Low-Dose Prasugrel in Patients with Resistance to Clopidogrel for the Treatment of Cerebral Aneurysms.

作者信息

Lee Dongwhane, Song Yunsun, Han Minkyu, Park Danbi, Suh Dae Chul

机构信息

Department of Radiology, Asan Medical Center, University of Ulsan College of Medicine, Seoul, Korea.

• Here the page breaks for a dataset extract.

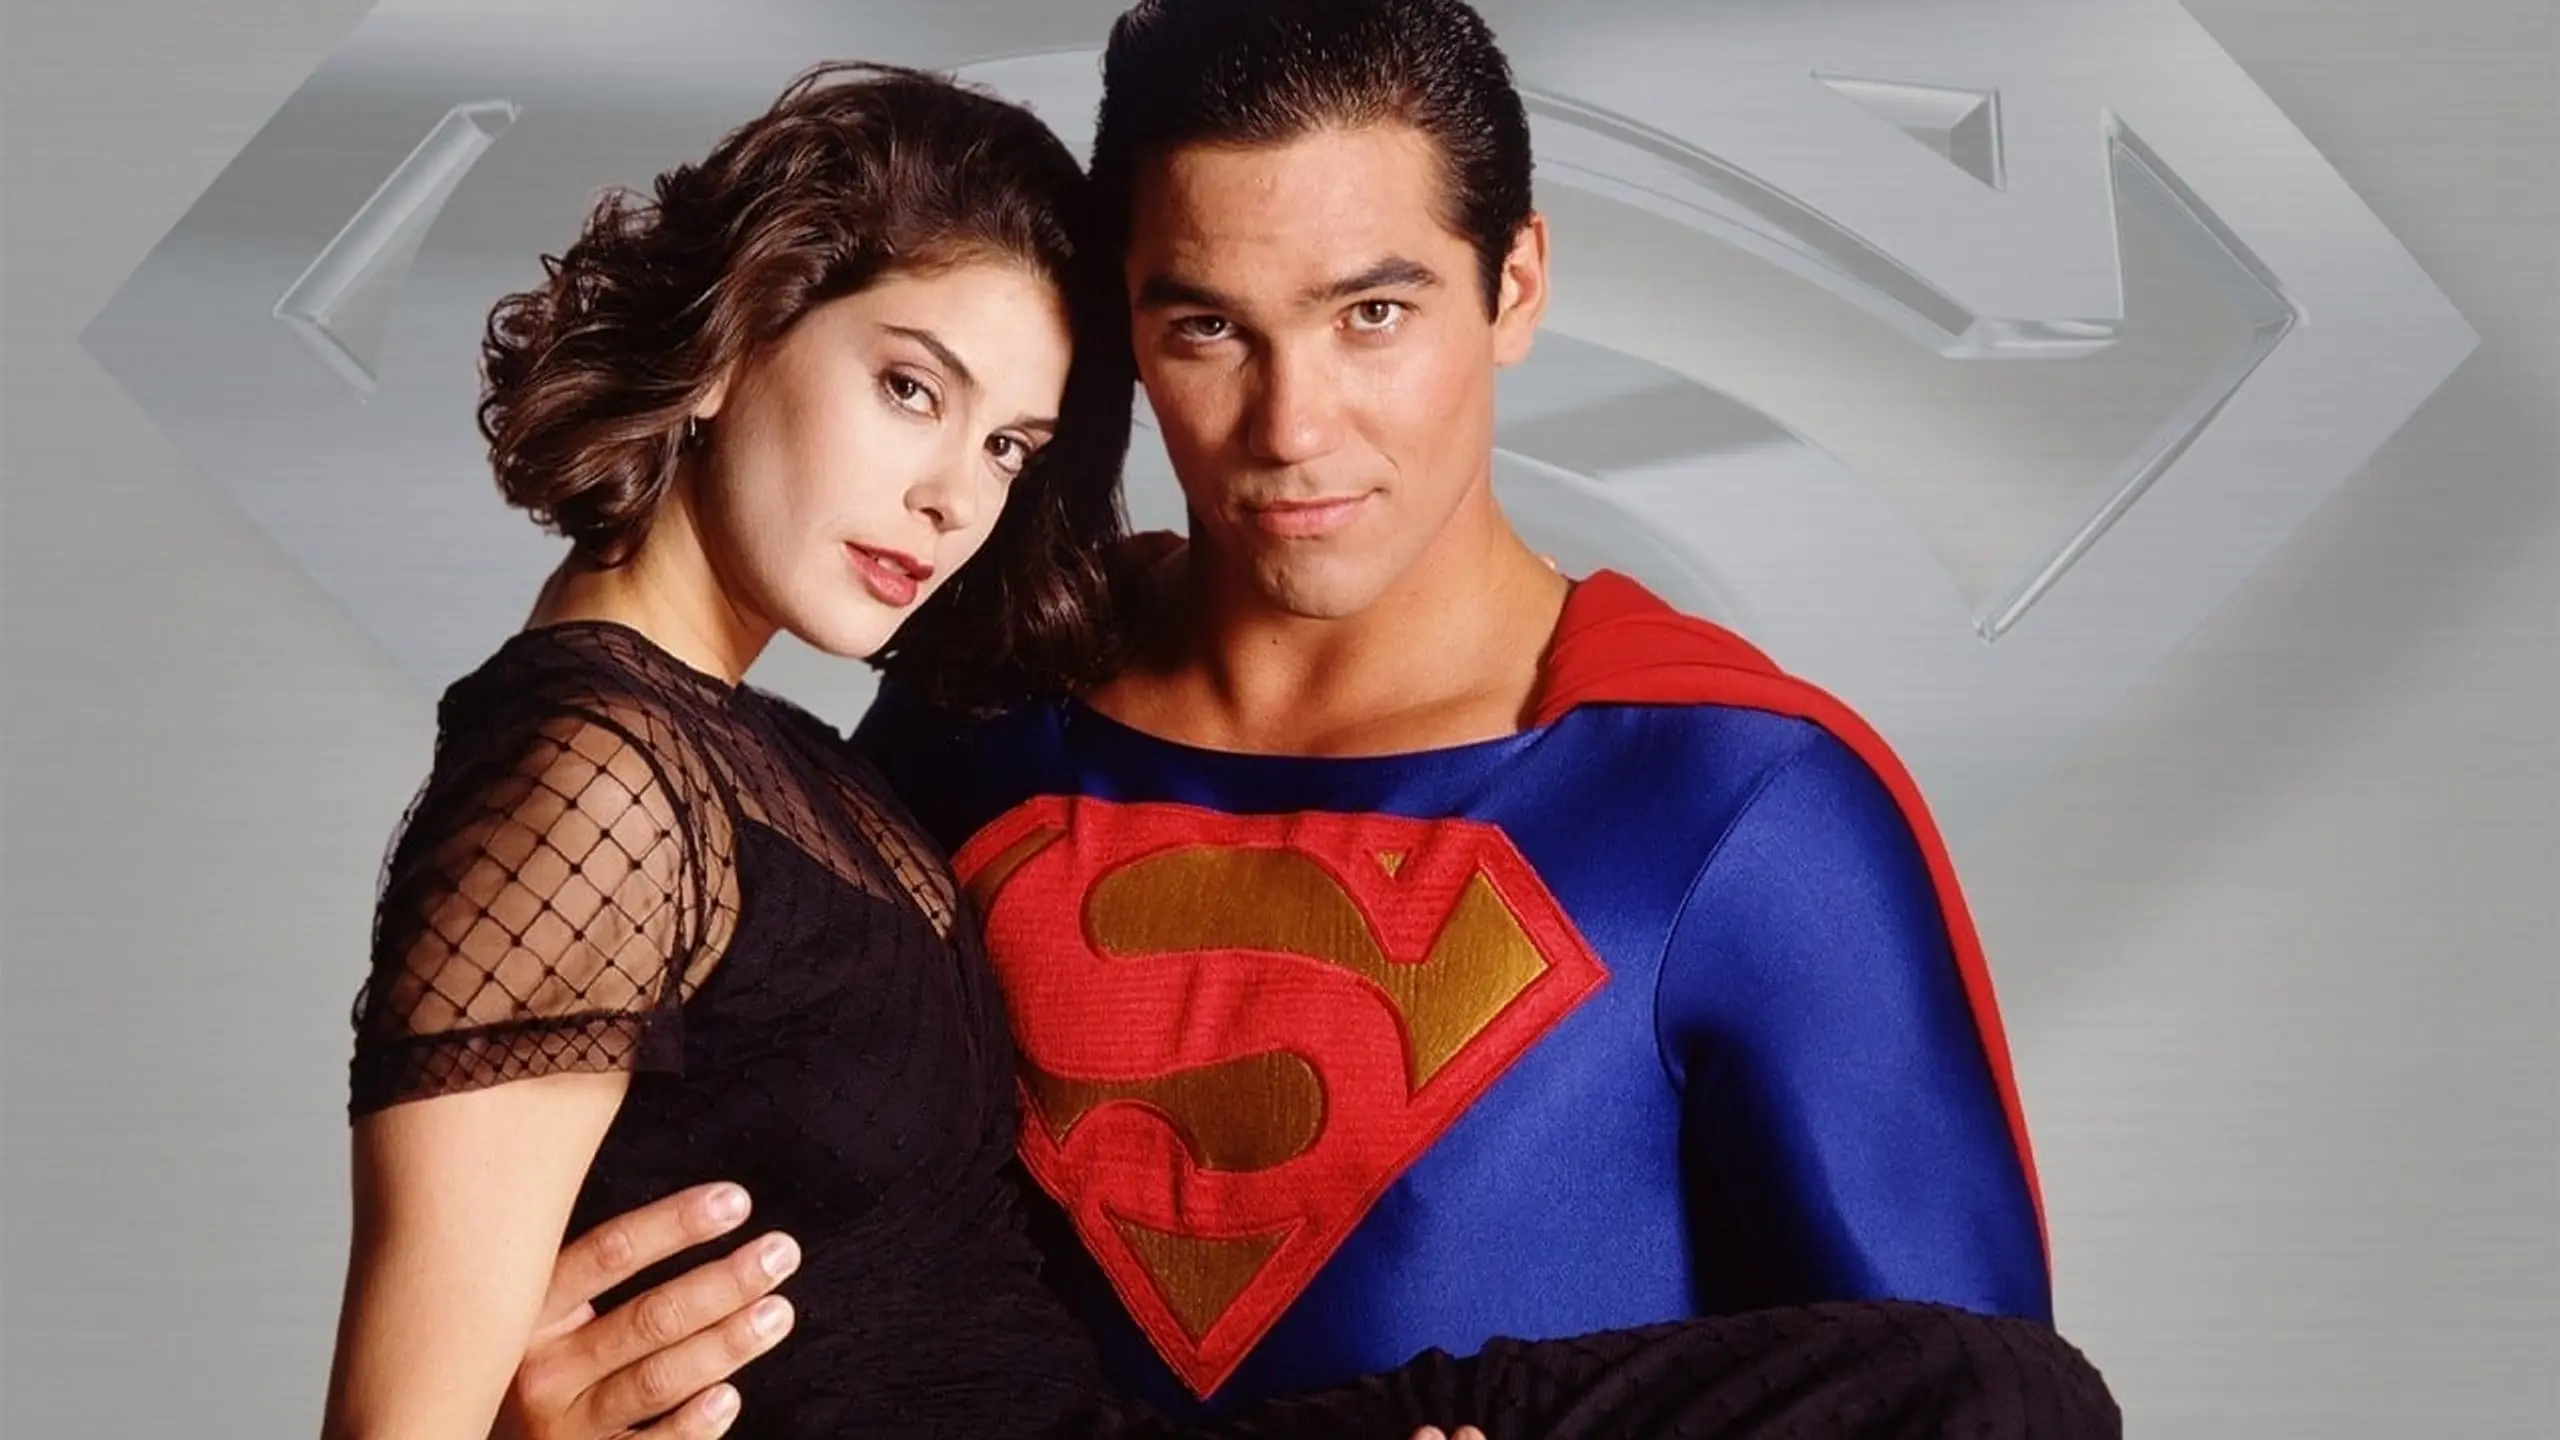 Superman – Die Abenteuer von Lois & Clark

Department of Clinical Epidemiology and Biostatistics, Asan Medical Center, University of Ulsan College of Medicine, Seoul, Korea.

出版信息

Neurointervention. 2018 Sep;13(2):124-127. doi: 10.5469/neuroint.2018.01088. Epub 2018 Aug 31.

Abstract

Thromboembolism is one of the major complications of stent assisted coiling in treatment of cerebral aneurysm. Clopidogrel resistance is so common and prasugrel is more effective in its rapid and potent effect. We investigated changes in the value of P2Y12 resistance unit (PRU) when prasugrel was administered to patients with clopidogrel resistance. One hundred mg of aspirin and 75 mg of clopidogrel were administered for 5 days before the procedure, and PRU were examined. The resistance to clopidogrel was defined as the inhibition of PRU was less than 20%. PRU was re-examined after loading 20 mg of prasugrel. We treated 98 consecutive patients between January 2018 and July 2018, and 24 patients (24.5%) had resistance to clopidogrel. Nineteen patients were female. The mean PRU value at admission was 238.5±36.9 and the percentage inhibition value was 4.8±6.3%. After the use of prasugrel, the mean PRU and percentage inhibition values were measured as 124.9±49.9 and 48.0±19.24, respectively. All patients except one patient had a PRU inhibition value as a responder. There was no hemorrhage or thromboembolic complication during mean 1.5 months follow-up after embolization procedure. In conclusion, in patients resistant to clopidogrel, the low dose prasugrel seems to be effective in keeping the percentage inhibition value of PRU within the normal range in treatment of cerebral aneurysm. Further study will be needed to determine the optimal dose of prasugrel to enhance prevention effect of thromboembolism and to reduce hemorrhagic complications during stent assisted coiling.

摘要

血栓栓塞是支架辅助弹簧圈栓塞治疗脑动脉瘤的主要并发症之一。氯吡格雷抵抗很常见,而普拉格雷起效迅速且作用强大,效果更佳。我们研究了对氯吡格雷抵抗的患者使用普拉格雷后P2Y12抵抗单位(PRU)值的变化。在手术前5天给予患者100mg阿司匹林和75mg氯吡格雷,并检测PRU。氯吡格雷抵抗定义为PRU抑制率小于20%。在给予20mg普拉格雷负荷剂量后再次检测PRU。我们对2018年1月至2018年7月期间连续治疗的98例患者进行了研究,其中24例患者(24.5%)对氯吡格雷抵抗。19例为女性。入院时平均PRU值为238.5±36.9,抑制率为4.8±6.3%。使用普拉格雷后,平均PRU值和抑制率分别为124.9±49.9和48.0±19.24。除1例患者外,所有患者的PRU抑制值均为有效反应。在栓塞手术后平均1.5个月的随访期间,未发生出血或血栓栓塞并发症。总之,对于氯吡格雷抵抗的患者,低剂量普拉格雷似乎能有效使PRU抑制率在治疗脑动脉瘤时保持在正常范围内。需要进一步研究以确定普拉格雷的最佳剂量,以增强血栓栓塞的预防效果并减少支架辅助弹簧圈栓塞期间的出血并发症。